Personal information
- Nationality: American
- Born: Christopher Allen Gabehart May 16, 1981 (age 45) Louisville, Kentucky, U.S.

Sport
- Country: United States
- Sport: NASCAR Cup Series
- Team: Spire Motorsports

= Chris Gabehart =

American NASCAR crew chief (born 1981)

Christopher Allen Gabehart (born May 16, 1981) is an American NASCAR director of competition and former stock car racing driver. He currently works for Spire Motorsports as their Chief Motorsports Officer. He formally worked for Joe Gibbs Racing from 2012 to 2025, first as an engineer, then a crew chief for Denny Hamlin's No. 11 NASCAR Cup Series car from 2019 to 2024, then as Director of Competition in 2025. Before becoming an engineer and crew chief, Gabehart was a driver himself and won the CRA Super Series championship in 2007 and won the All American 400 in 2008.

==Career==
===Driving career===
Gabehart began his career in racing as a driver, starting to race go-karts at age ten in the World Karting Association. Quickly succeeding in that series, he picked up numerous national championships before competing in late model racing. He drove full-time in the ARCA/CRA Super Series in 2007 for his family team. He won the series championship, but quit driving after that season due to sponsorship and financial issues.

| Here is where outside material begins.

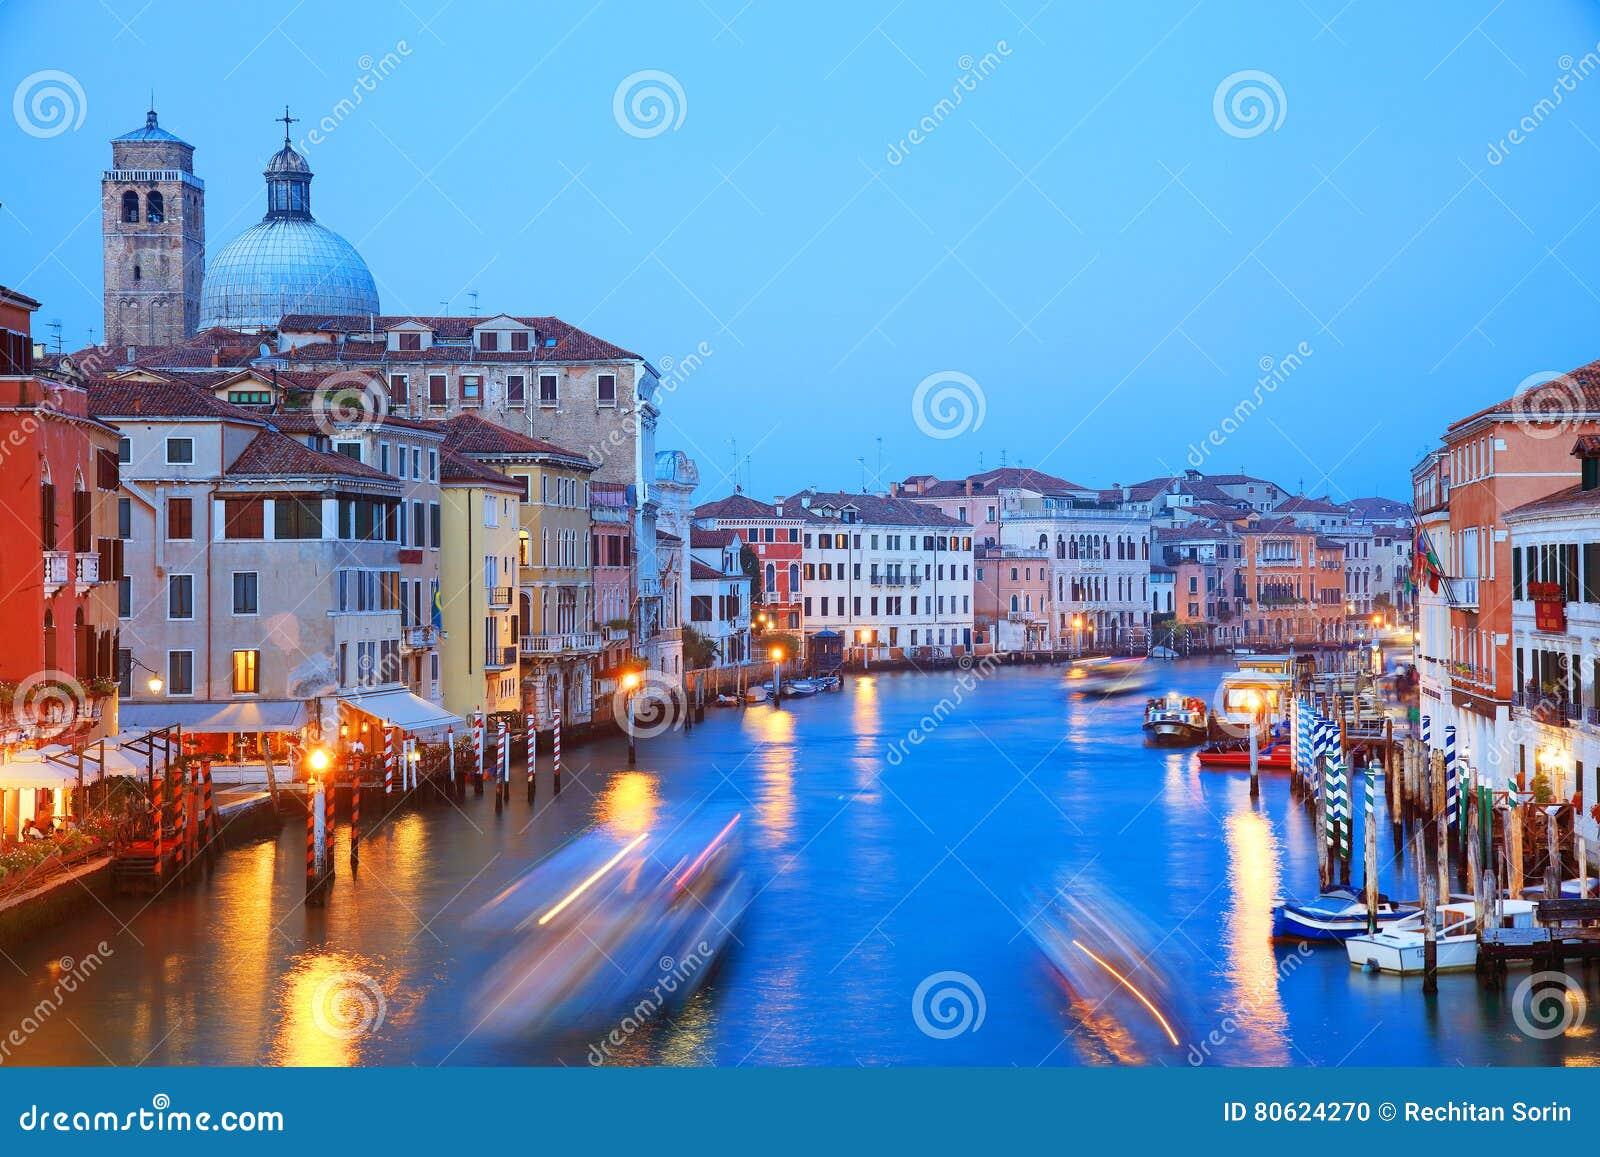 Venedig im Sonnenunterganglicht

===Crew chiefing career===
Gabehart met Tom Busch, the father of NASCAR superstar Kyle Busch during his late model season in 2007, which led him to working as an engineer for Kyle Busch Motorsports' late model program and later in the Truck Series for the team. Then, Gabehart would move up to Joe Gibbs Racing in the Cup Series in 2012 as an engineer on Busch's No. 18 car.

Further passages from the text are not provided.